Data Engineering
OLTP vs OLAP: multiple-choice review
Six questions that cut across the whole unit. Each one mirrors a decision you make in a real architecture review — not a definition to recite, but a tradeoff to weigh when the dashboard and the checkout path share a database.
Confirm you can connect physical layout, the column-store multipliers, the replica-analytics failure mode, and the store-split decision — the synthesis the overview built toward.
A query runs SUM(total) over 40M orders rows that have 50 columns each. Why does a column store crush a row store on exactly this query?
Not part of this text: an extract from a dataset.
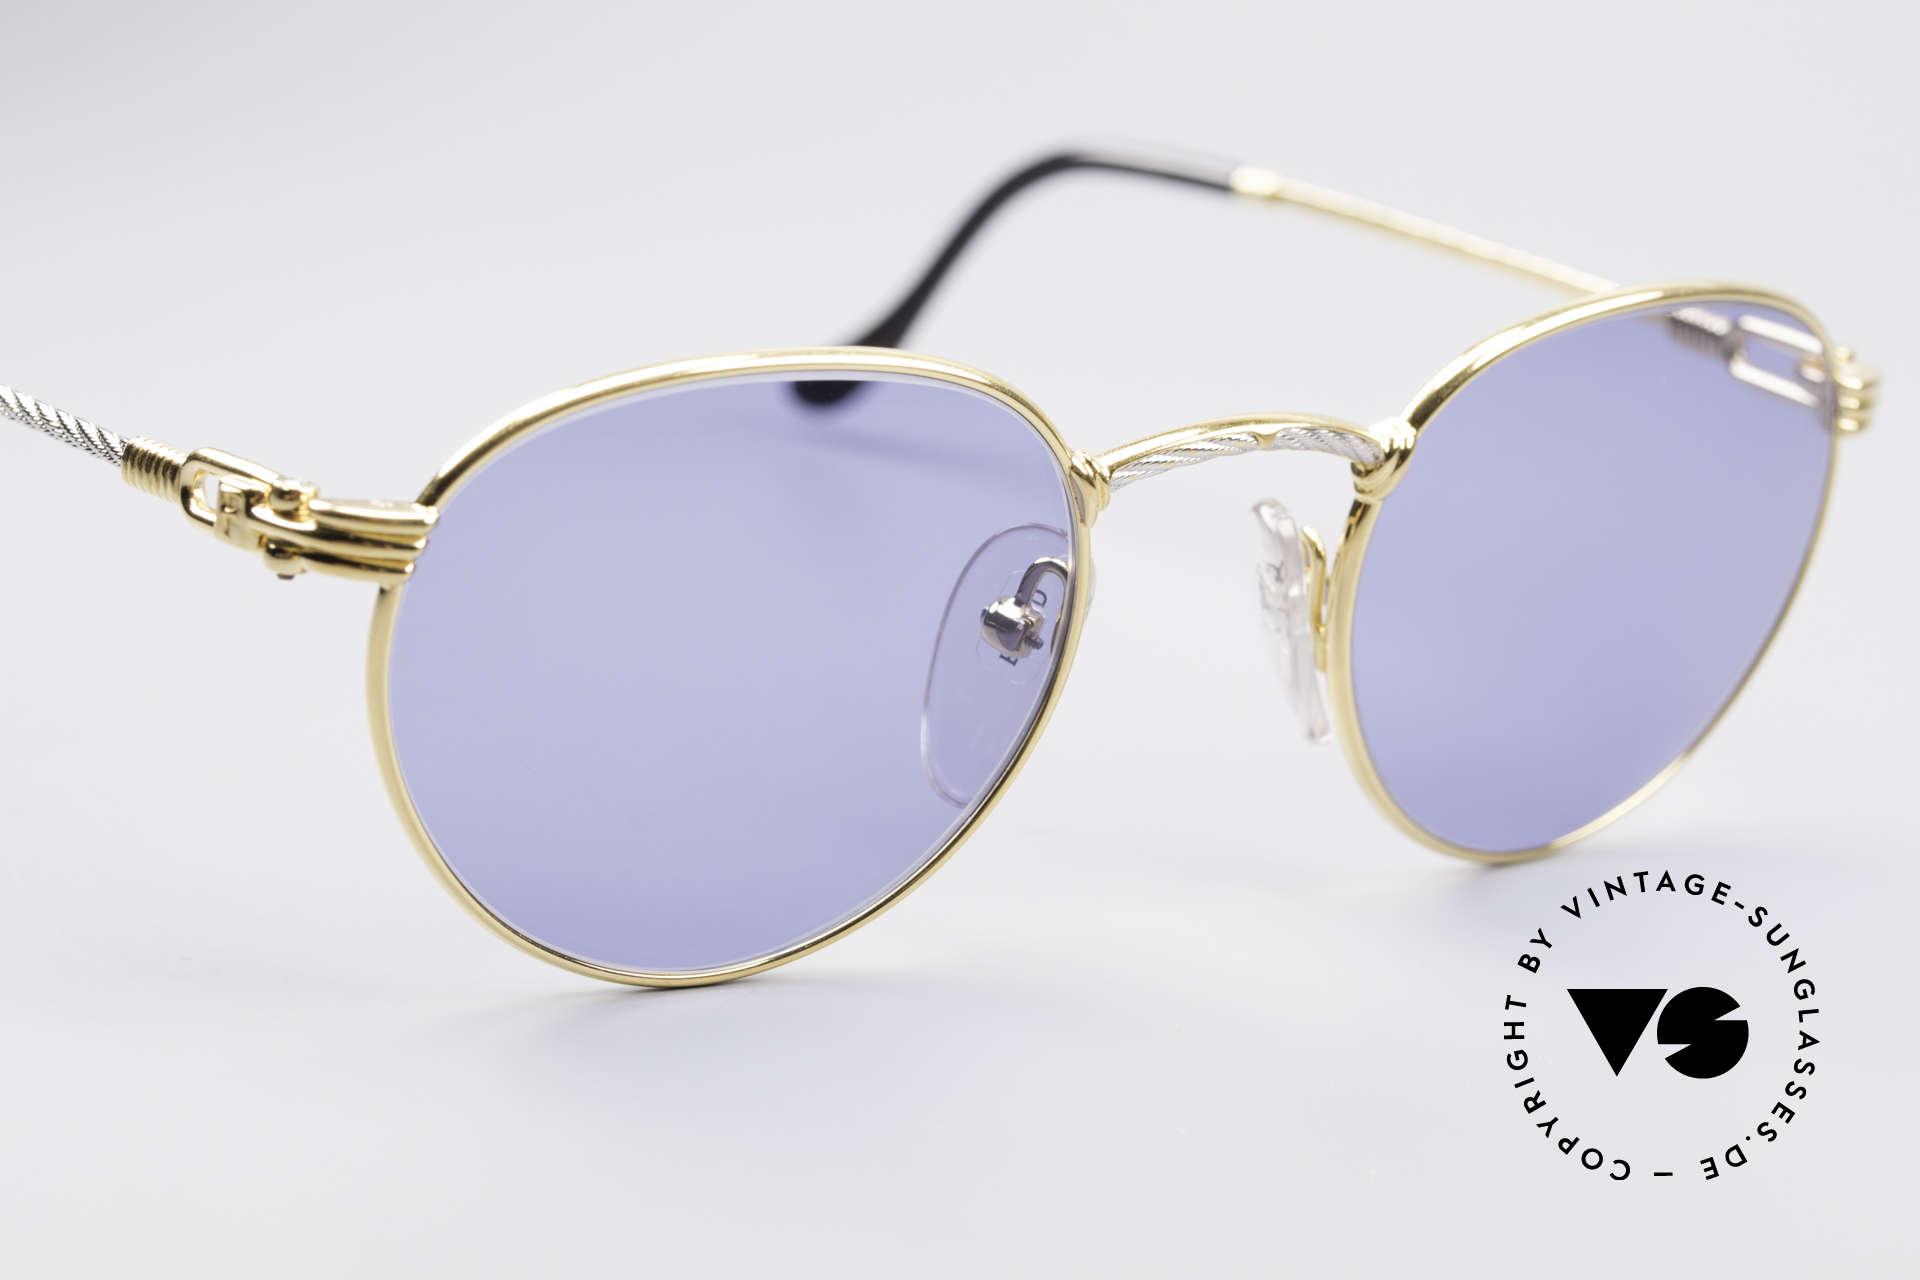 Fred Ouragan Luxus Panto Sonnenbrille, kostbare bicolore Ausführung in Gr. 48°21 + orig. Etui, Passend für Herren

Service A runs point lookups by id at 5k req/s; Service B runs a column aggregate over the same data. Why can't one storage layout serve both well?
On 100M-row ClickBench, ClickHouse stores the data in roughly 9 GiB where Postgres needs about 100 GiB. Why does columnar compress so much better, and why does that widen the scan-throughput gap rather than just saving disk?
A growth dashboard runs a 90-day revenue aggregate against the prod Postgres read replica. Checkout p99 jumps from 40ms to 2s and replica lag climbs to 90s. What root cause does a senior name first?
Product wants the 90-day revenue dashboard. Of these four options, which is the architecture a senior ships, and why?
A team proposes an HTAP engine to serve both transactions and analytics on one system, arguing it removes the need to split stores. What is the senior framing?
The through-line of the unit is one decision: access pattern sets layout. Point lookups and small writes want a row store; full-table scans over a few columns want a column store, where pruning (read ~6% of the bytes), 5–10× compression, and vectorized batch execution stack into a 10×–1000× gap no index can close. The classic senior failure is analytics on the prod OLTP replica, where one scan evicts the hot buffer cache, contends for I/O, and drives replica lag. The fix is architectural — a separate columnar store fed by CDC or ETL — accepting a little data latency for isolated storage, caches, and failure domains. HTAP can manage the contention but never abolishes it.